The surge from $14.27 to the $19.75 September high suggests speculative interest could be returning to the silver market. Prices formed a 6-month low on December 9th, 2019, and the trend is just now breaking out. A test of the $21.15 high set in 2016 seems reasonable, with the potential to reach $26.00+ in 2020.
Platinum Market Recap
Platinum prices will finish the year 19% higher, and like gold, achieved a bullish breakout. After a long, drawn-out bear market, prices finally bottomed in 2018.
Platinum has been unloved and undervalued for several years. Mostly, due to oversupply and lower industrial demand. That trend appears to be reversing. In 2019, the platinum to gold ratio set a record low of 0.546 – the lowest platinum has ever traded in relationship to gold.
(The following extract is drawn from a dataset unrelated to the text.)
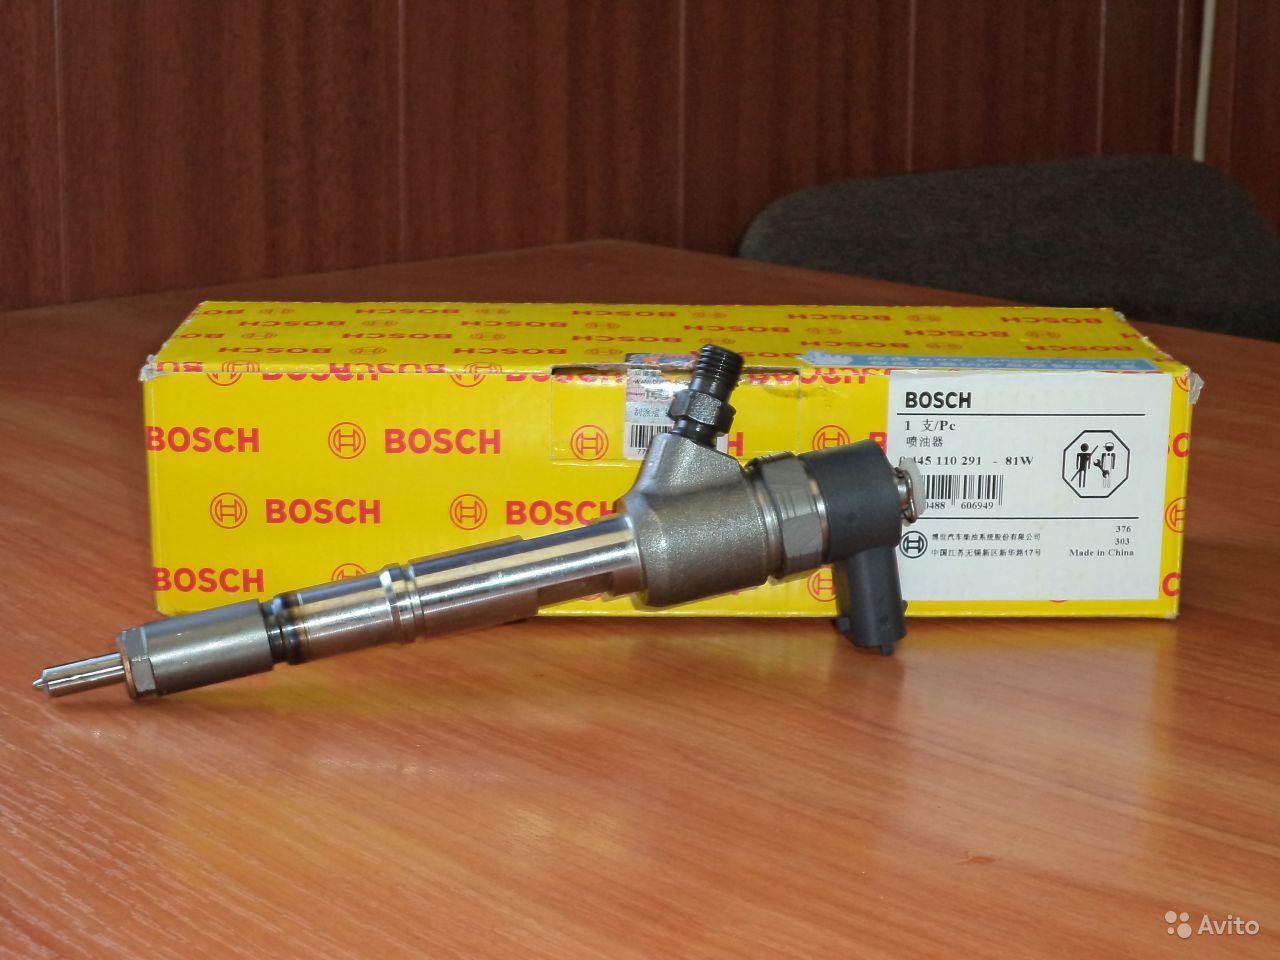 Bosch 0445110291
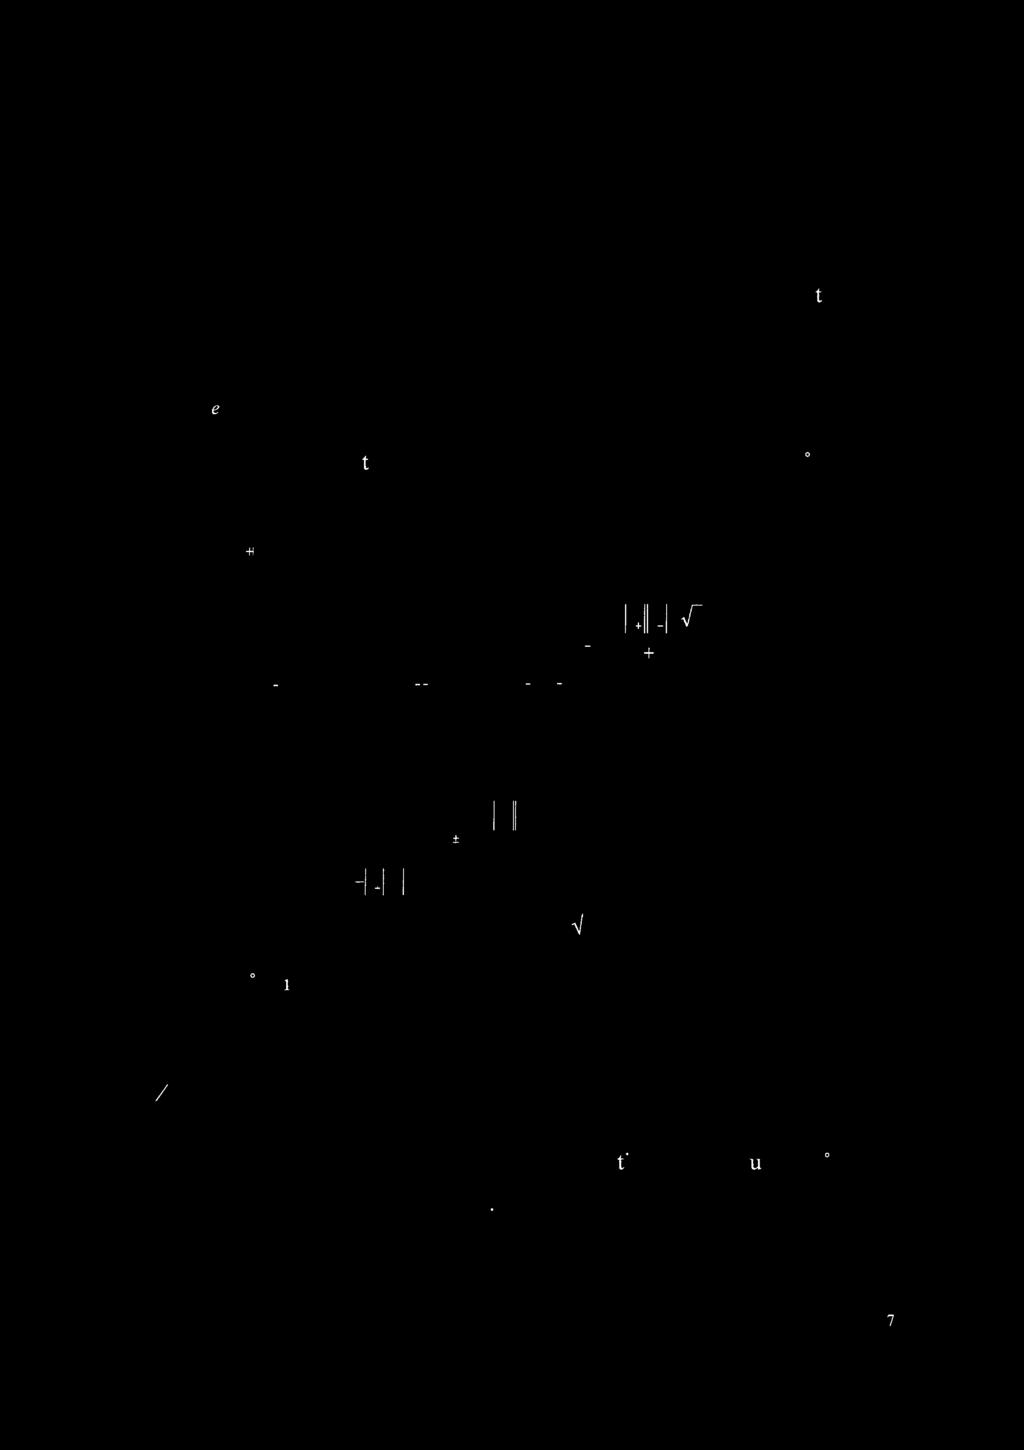 ys[s] er aktivitet til S. Tilnærmelser for å estimere ys[s] foreslått av Debye og Htickel er vist i figuren under.

To put that into dollar terms, on August 15th, 2019, platinum ($842) closed $689.20 below the price of gold ($1531.20). Traders quickly realized the mispricing and platinum jumped to fresh highs 2-weeks later.
In 2019, the trend maintained a pattern of higher highs and higher lows breaking out on record volume in late August. Prices came back to test the trendline (a throwback) and successfully held the 200-day MA in November. The next advance is underway, and we could see fireworks once prices get above the $1000 – $1050 resistance level.
Palladium Market Recap
Palladium prices are up 57% on the year as supply remains tight and as emission standards in Europe expand. Palladium is primarily used as a catalyst to scrub pollutants from the exhaust of internal combustion engines.
Palladium reached new all-time highs in 2019 and surpassed the price of gold. With palladium prices elevated, how long will it be before catalytic converter manufacturers switch to the more abundant and 50% cheaper sister metal (platinum)?
Prices are up over 300% since the 2016 low. The trend is losing momentum depicted by negative divergences in the MACD and RSI. Prices could go higher, but the upside is likely limited when compared to platinum and silver.
Copper Market Recap
Copper prices fluctuated in 2019 as the US-China trade war placed a dark cloud over economic growth expectations. Prices have rallied since September and are on pace to finish the year 7% higher.
Longer-term, demand is increasing as electric vehicles (EV’s) gain momentum against internal combustion engines (ICE). Something like 130 – 180 pounds of copper goes into each electric vehicle — an electric bus contains over 800-lbs.
Near-term, prices have been correcting after forming a double top in 2018. The correction may be complete if copper maintains the $2.70 level during the next pullback.
In summary, gold, palladium, and platinum set several records in 2019 — some likely never to be repeated in our lifetimes. Precious metals have likely started new bull markets that should last well into the next decade. For 2020, I see explosive potential in Silver and Platinum as they play catchup. Gold miners are positioned well and should exceed their 2016 highs.